In its proper meaning, ambient refers to the immediate surroundings of something. It comes from the French ambiant and, further back, from the Latin ambientem, which is from the verb meaning “to go about”. By the end of the sixteenth century, it had taken on its modern meaning in English which the OED comprehensively lists as “lying round, surrounding, encircling, encompassing, environing”. It’s related to ambience, another word with interesting cultural overtones, which also refers to one’s surroundings, but especially to the character and atmosphere of a place.
You might think that ambient is just the adjective from ambience. That is how it was formed in the nineteenth century, but the two words have diverged enough that their associations are different. So ambient music is strictly speaking wrong, as it refers to a style of music with textures but without a beat that aims to create a mood or atmosphere, an ambience in fact.
Engineers and other technical persons use the word correctly when they speak of such matters as ambient temperature, meaning the conditions surrounding some object they’re interested in. This phrase has become so fixed, and is so often how people come across the word ambient, that many seem to think it means “normal room conditions”. That’s not so, of course, as you can talk about the ambient temperature of a lump of iron in a furnace, or of a meteorite in Antarctic ice.
But when food technologists speak of ambient foods, they’re using the term as shorthand for ambient temperature foods (which makes my friend’s job ambient temperature foods stock control manager, which really is a mouthful).
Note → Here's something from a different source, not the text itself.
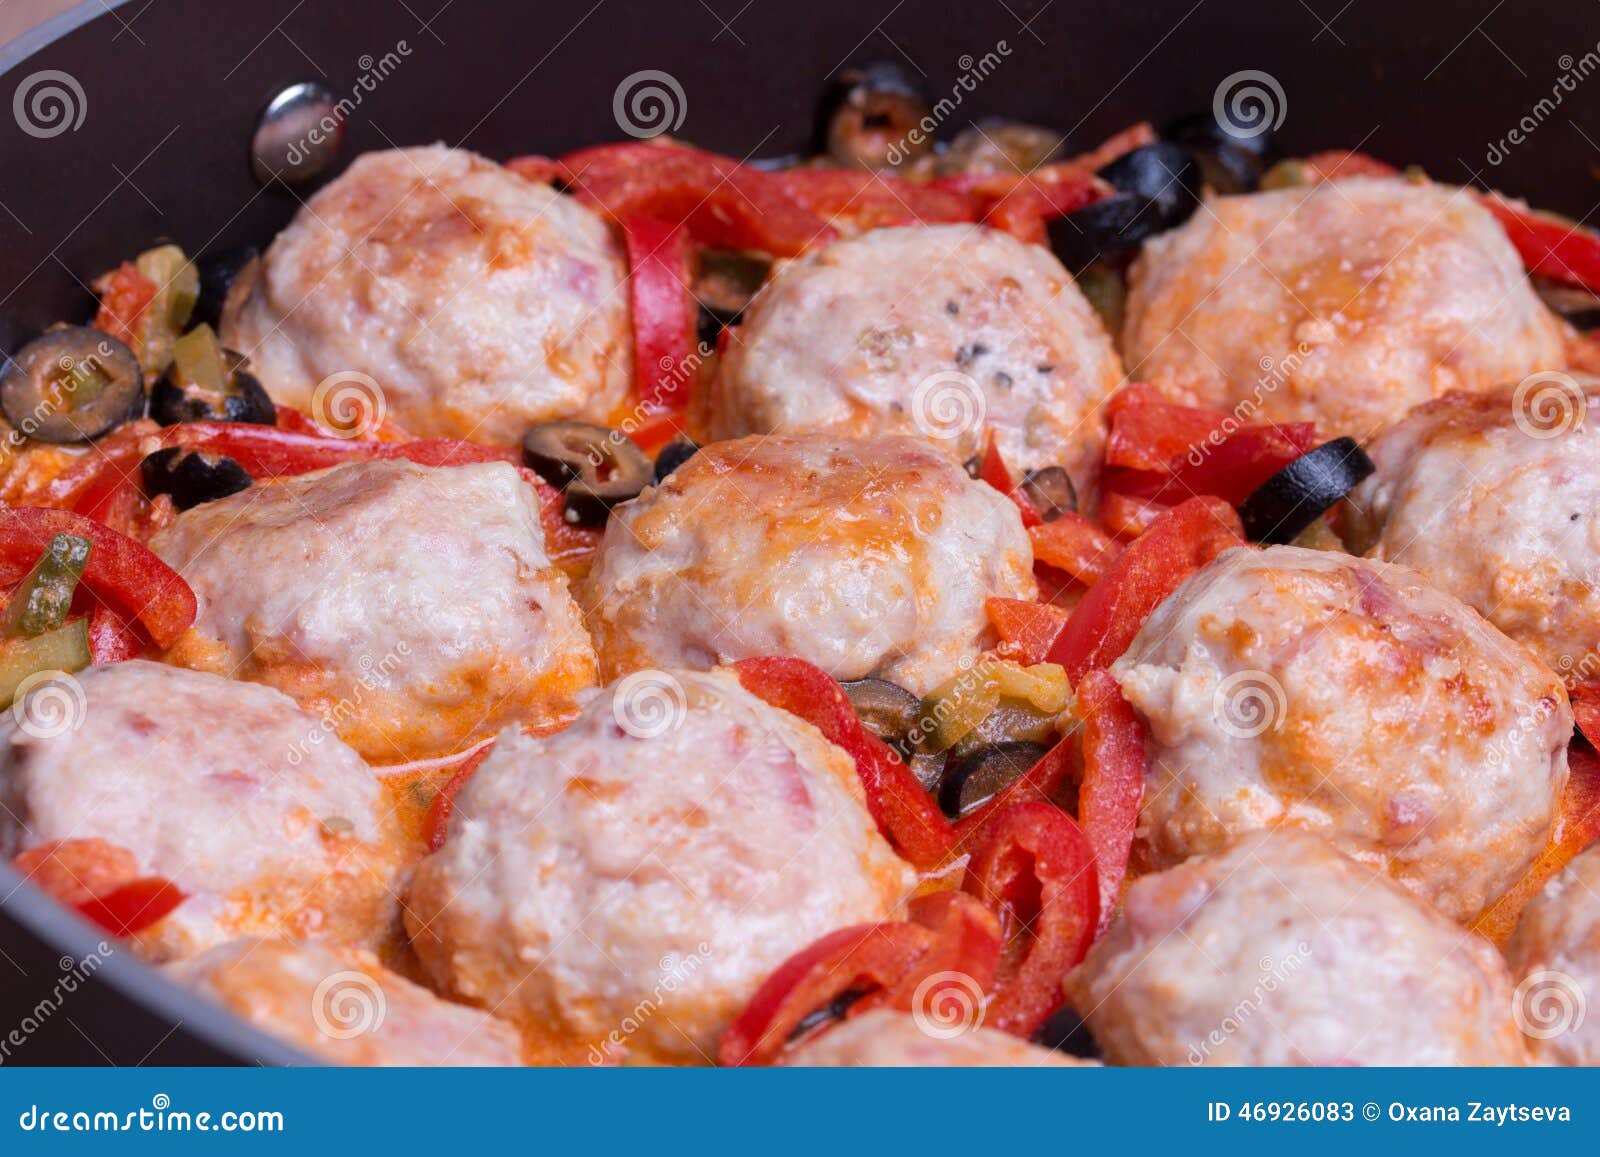 spanish meatballs albondigas with vegetables

You can argue they’re using the word correctly, since they’re speaking of foods that can be stored at the temperature of their surroundings in the store, without needing to be chilled, such as canned foods, jars of coffee, fresh fruit or bags of sugar. But I’ve also come across ambient fishmonger, a wonderfully gnomic phrase meaning one of those guys who sells unrefrigerated fresh fish.
You have to admit there’s an ambience about ambient.